Özel sektörün döviz yükümlülüğü hızla artıyor

Tevfik GÜNGÖR OLAYLARIN İÇİNDEN gungoruras@superonline.com


Finansal kesim dışındaki firmaların döviz yükümlülüklerinin 2013 Şubat ayı sonunda 232 milyar dolara ulaştığı TCMB tarafından açıklandı.
Şubat sonunda firmaların döviz varlıkları ise 87 milyar dolar. Bu durumda net döviz pozisyonlarının (açıklarının) 145 milyar dolar olduğu görülmektedir.
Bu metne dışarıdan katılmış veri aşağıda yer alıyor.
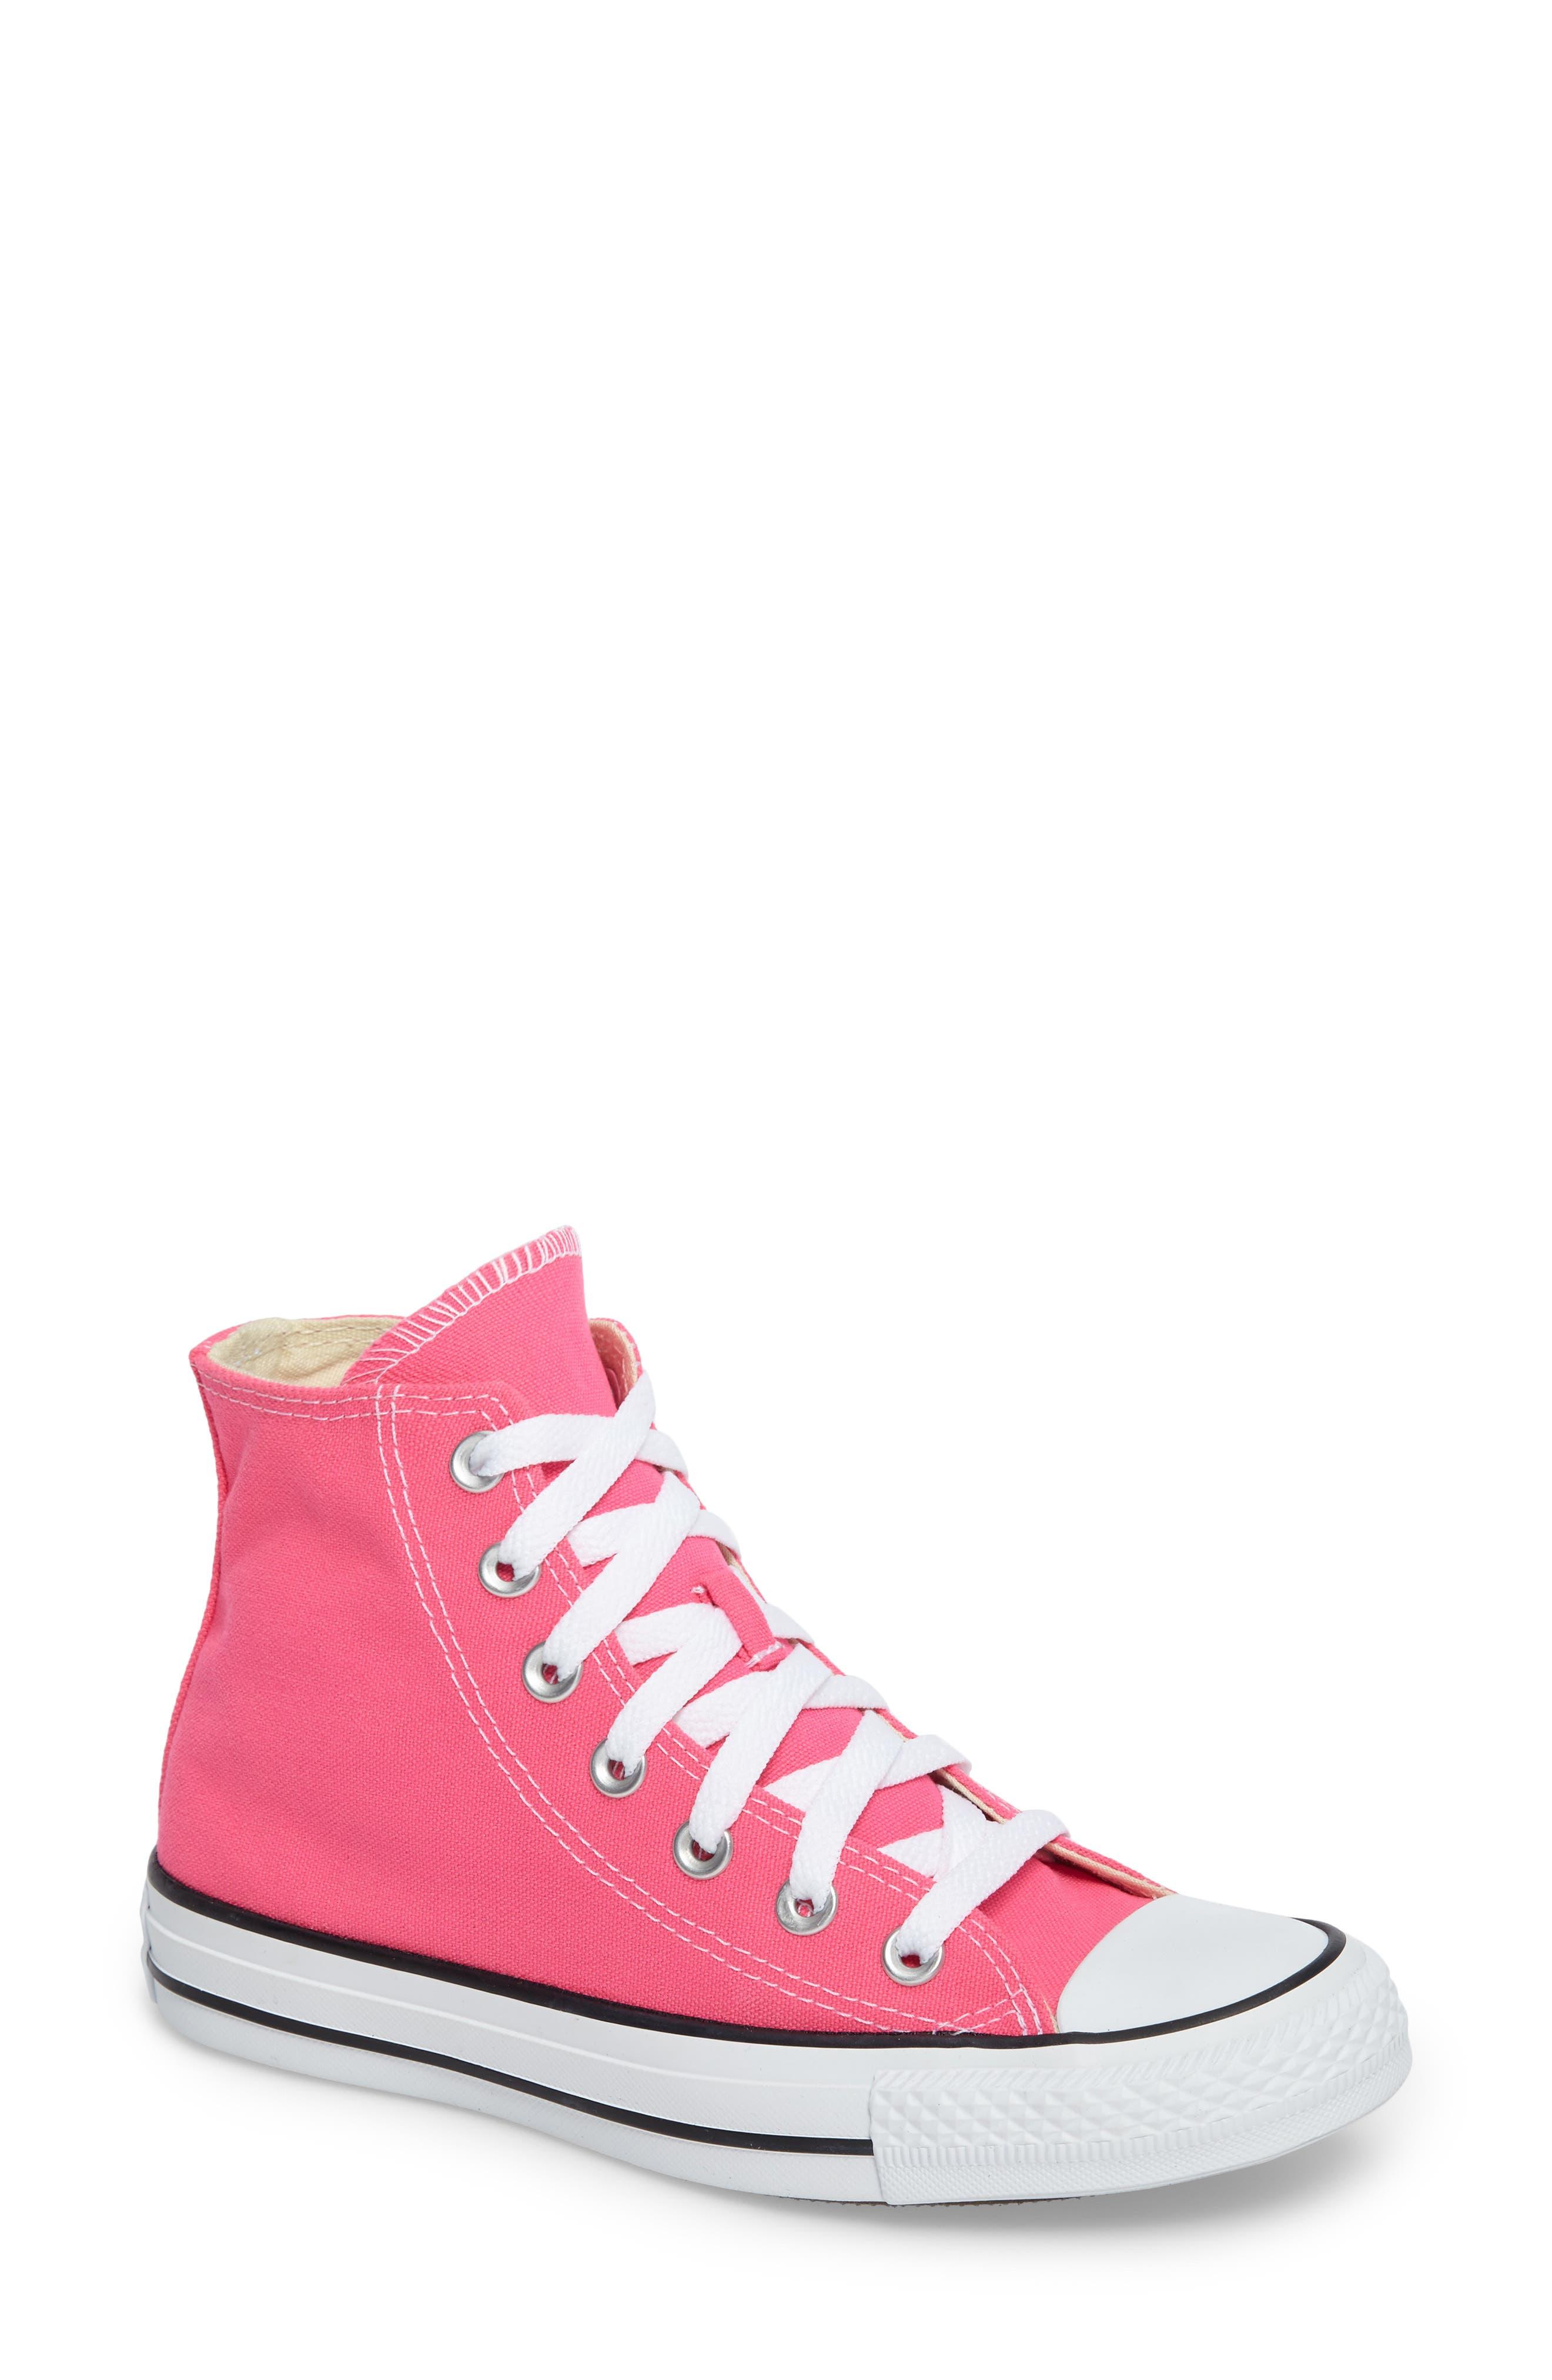 Chuck Taylor<sup>®</sup> All Star<sup>®</sup> Seasonal Hi Sneaker,                         Main,                         color, Petal Pink

2009 Yılında firmaların döviz yükümlülükleri 146 milyar dolar idi. 2010 Yılında 177 milyar dolar, 2011 yılında 201 milyar dolar, 2012 yılı sonunda 227 milyar dolar olmuştu.
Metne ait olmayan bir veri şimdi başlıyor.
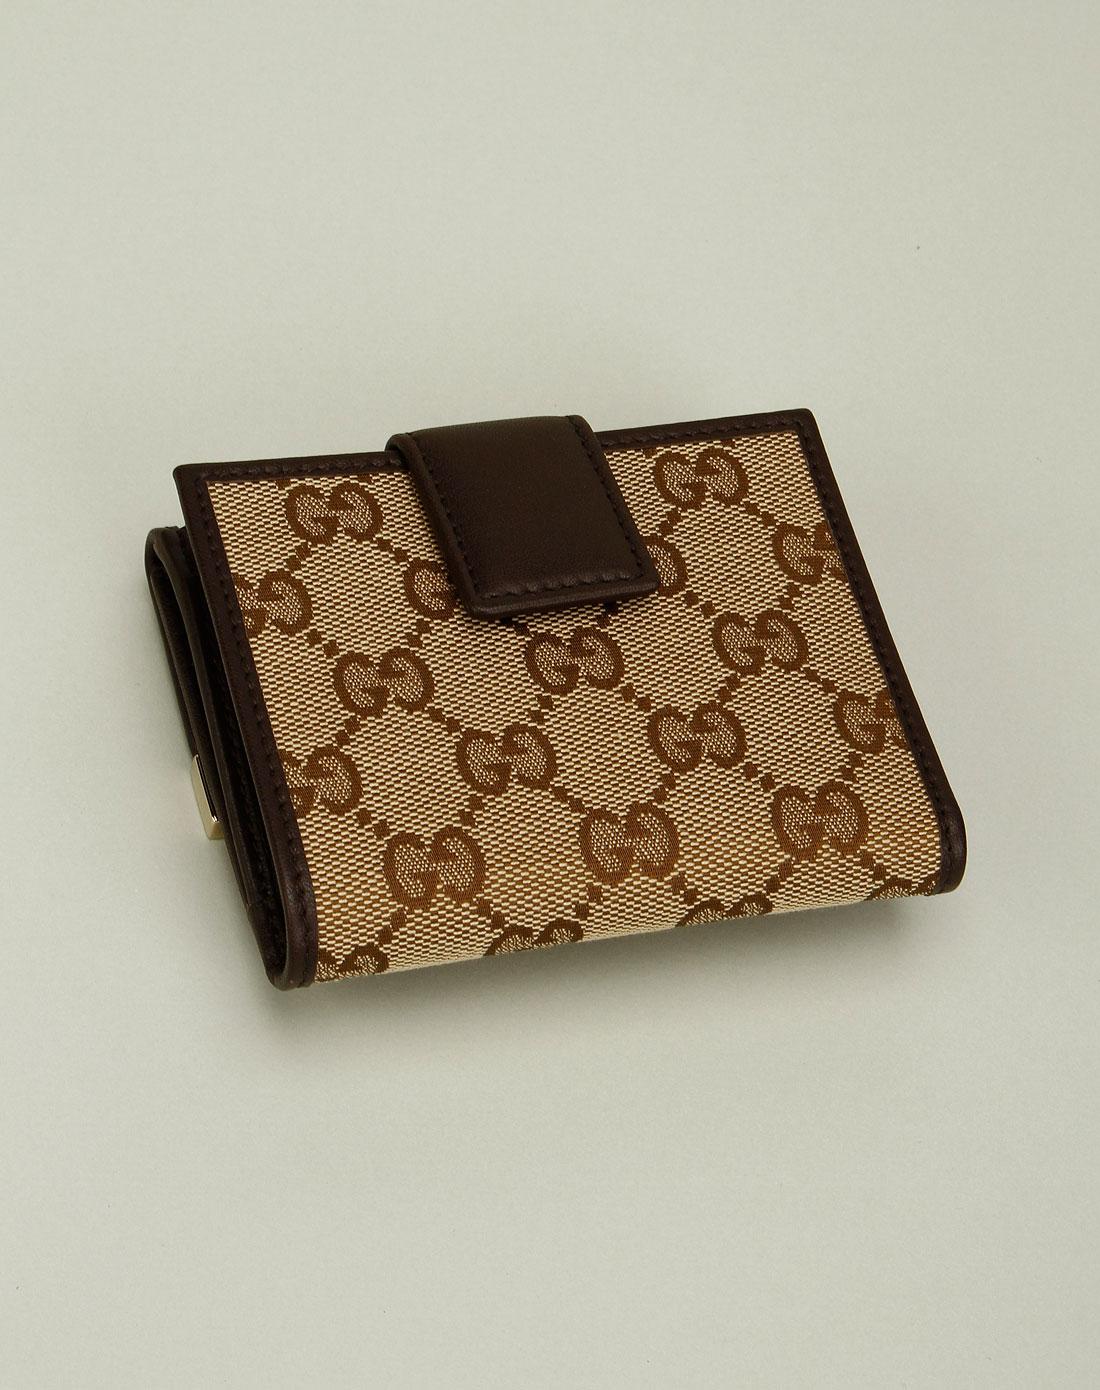 gucci钱包专场女款浅棕色双g印花素雅钱包257016fafx

Görülüyor ki,  firmalar hızlı bir şekilde döviz yükümlülüğü altına giriyor.
2013 Yılı Şubat ayı sonu itibariyle toplam döviz yükümlülüğünde, yerli banka kredilerinin payı 124 milyar dolar, yurt dışı bankalardan alınan kredilerin payı 84 milyar dolar, ithalat borçlarının payı 24 milyar dolar.
Firmaların yurt işindeki bankalarda 40 milyar dolar, yurtdışı bankalarda 20 milyar dolar mevduatları var.
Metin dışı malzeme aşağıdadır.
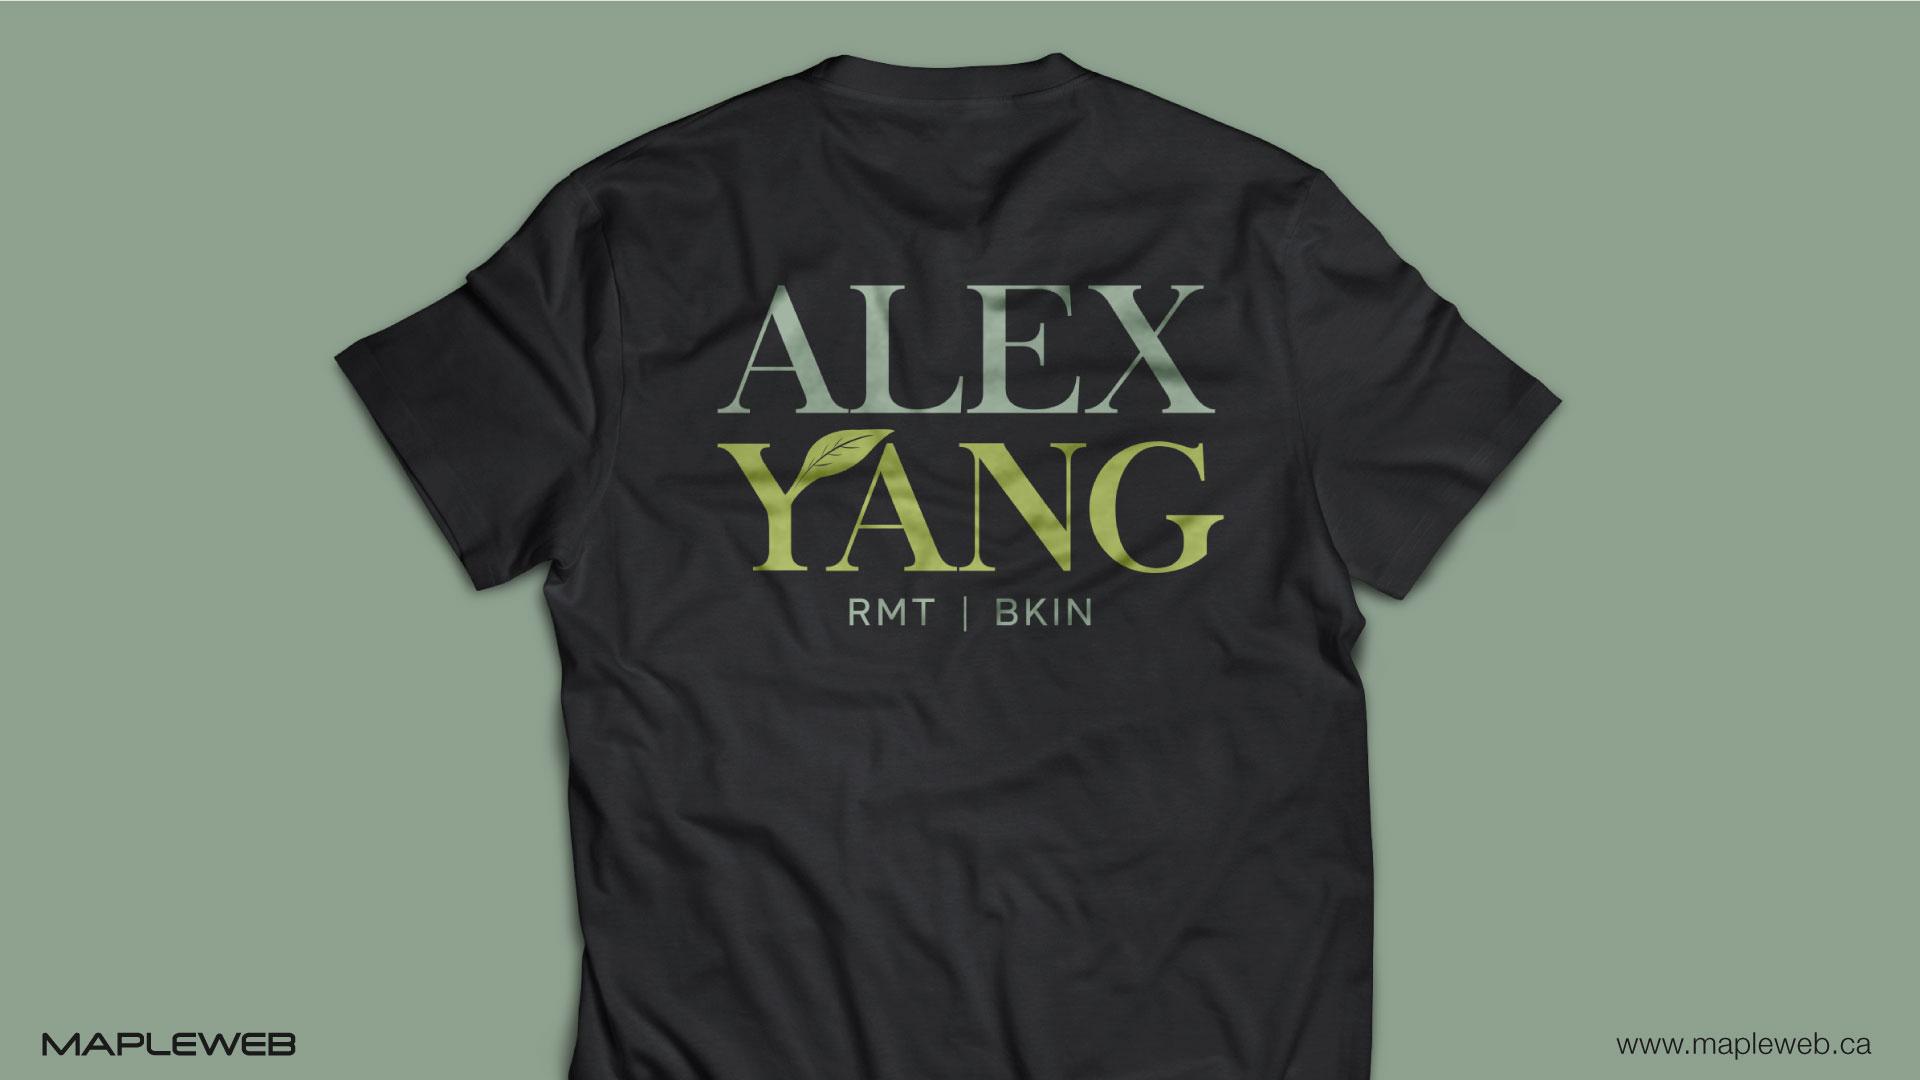 alex-yang-brand-logo-design-by-mapleweb-vancouver-canada-header-t-shirt-mock

Özet olarak yurt dışı bankalardaki mevduatları 40 milyar dolar, bu bankalara borçları 124 milyar dolar. Yurt dışı bankalardaki mevduatları 20 milyar dolar. Bu bankalara borçları 84 milyar dolar.
Firmalarımızın bu kadar büyük ölçüde döviz yükümlülüğü altına girmelerinde hükümetin politika tercihinin büyük etkisi var.
Hükümet kamu varlıklarının satışlarında, özelleştirme ihalelerinde, yap-işlet-devret projelerde firmaları döviz ile borçlandırıyor. Firmaları, yükümlülüklerini döviz ile yerine getirmeye zorluyor. Bu durumda firmalar giderek daha fazla döviz kredisi kullanıyor.
Bu arada devamlı olarak tartışılan Türklerin yurt dışındaki bankalarda en az 130-150 milyar dolar varlıklarının olduğu, firmaların bankalardaki mevduatlarını Türkiye’ye kredi olarak getirdikleridir.
TCMB tarafından yayınlanan rakamlar yabancı bankalarda firmaların birikimlerinin büyük ölçüde olmadığını gösteriyor.
Özetle, dikkati çeken firmaların döviz yükümlülüklerinin hızla artmasıdır. Ekonominin durakladığı bir dönemde finans kesimi dışındaki firmaların yükümlülüklerinin hızlı artışı, tehlikeli bir gelişme olarak değerlendirilmelidir.